Intelligence tranchante, sincérité douloureuse, virtuosité de l’écriture : le récit familial, selon Viet Thanh Nguyen, relève du grand art. Remarquable.

Rares sont les livres dans lesquels la forme se confond avec le mouvement même de l’histoire. Entendez par là : de la grande Histoire (avec ses pyrotechnies de napalm, ses colonisations, ses souvenirs mal cicatrisés) tout autant que des histoires individuelles : maison de famille, dîner, travail, amours.

L’auteur du Sympathisant et du Dévoué ne « tisse » pas le récit de la famille des Nguyen, pas plus qu’il ne « tire le fil » des événements. Certes, sa naissance en 1971 au Vietnam, l’arrivée comme réfugiés aux États-Unis après la chute de Saïgon, la vie à San José, la prospérité des parents, l’entrée à l’Université, les obstacles sur le chemin de l’écriture, les dernières années de la mère, tout cela est bel et bien présent, fournissant la trame, le tissu comme on voudra.

Mais ce n’est pas un livre de tisserand que Viet Thanh Nguyen a composé. Ou « re-composé » pour employer un terme qu’il affectionne, puisque, autant, voire plus que les souvenirs bruts, c’est le regard porté sur ceux-ci ou sur leur absence qui importe : livre de mémoire, L’Homme aux deux visages s’écrit aussi, et peut-être surtout, à la marge de la mémoire. Dans cet espace en retrait que permettent, justement, les retraits de certains paragraphes, la disposition de certains blocs de textes, qui donnent à percevoir les mouvements de la conscience revenant sur elle-même. Et ce sont d’ailleurs ces jeux d’équilibrage et de déséquilibrage du texte et de ses masses qui suggèrent la métaphore la plus adaptée au livre : non pas, donc, le tissage, mais l’équivalent d’un mouvement géologique. D’un déplacement.

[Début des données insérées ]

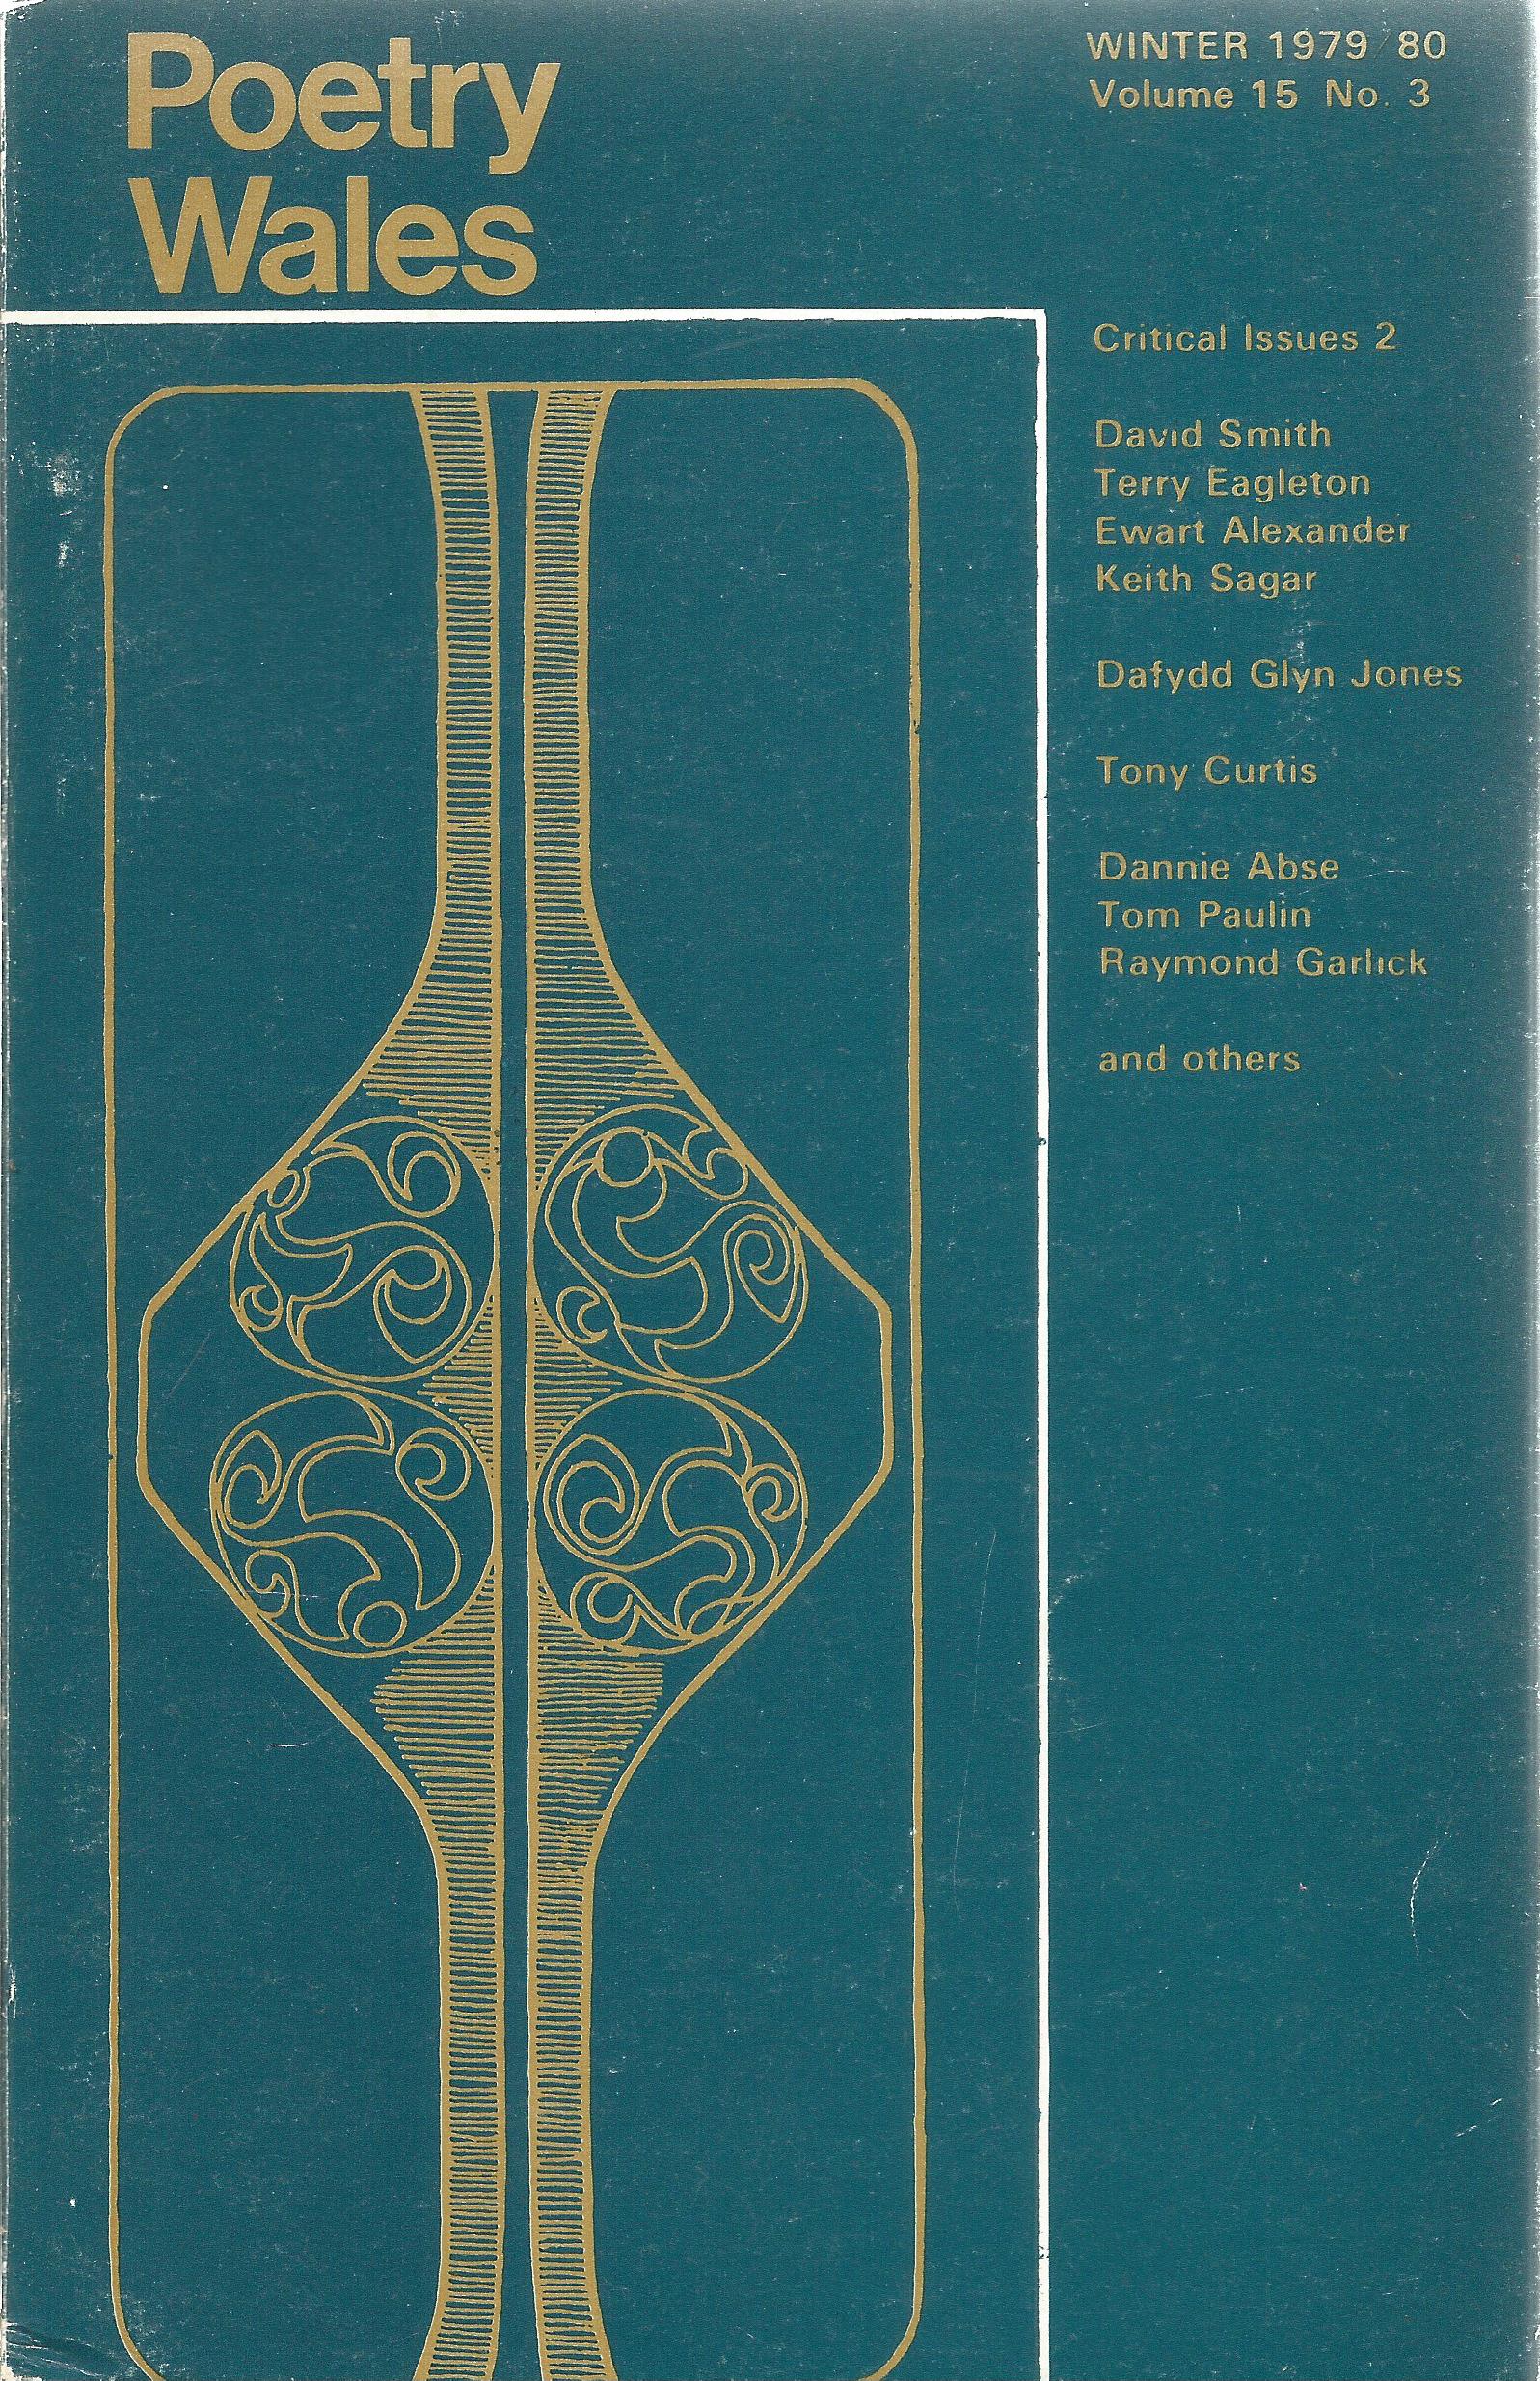 Poetry Wales edited by J P Ward 1979 Softback Book published by Salesbury Press some ageing good

Car, pour raconter cette « vie à la fois ordinaire et épique », ainsi qu’il le dira de sa mère, cette vie qui fut celle de ses parents, mais aussi la sienne, Viet Thanh Nguyen procède par glissements perpétuels, grandes coulées ou petits bonds. Ainsi se succèdent, ou plutôt, comme devant un paysage animé de mouvements telluriques, ainsi voit-on passer, le Vietnam au prisme du cinéma américain (Apocalypse Now, Les Bérets verts), les ajustements complexes du puzzle des minorités sur le territoire américain, le quotidien à San José, entre l’épicerie parentale, la bibliothèque publique et la maison, ou encore le long, le difficile, le douloureux forage de soi par l’écriture.

Seule cette façon de progresser pouvait rendre justice à ces destins de déplacés. « Déplacés », pas seulement au regard de l’Histoire, mais, aussi, dans la langue ou dans les représentations (Viet Thanh Nguyen écrit avec une pénétration impitoyable sur le façonnage des stéréotypes asiatiques dans la culture américaine). Et le mouvement s’amplifie jusqu’au vertige, le déplacement se faisant oscillation lorsque Viet Thanh Nguyen brouille la distinction entre colonisateurs et colonisés. Ou retournement lorsqu’il se dresse, accusateur, (et ce, sans ambages : l’intelligence subtile n’interdit pas la colère), contre l’Amérique fauteuse de guerre et d’extermination.

Viet Thanh Nguyen, L’Homme aux deux visages. Une mémoire, une histoire, un mémorial, traduit de l’anglais (Etats-Unis) par Clément Baude, Belfond, 320 p., 22€.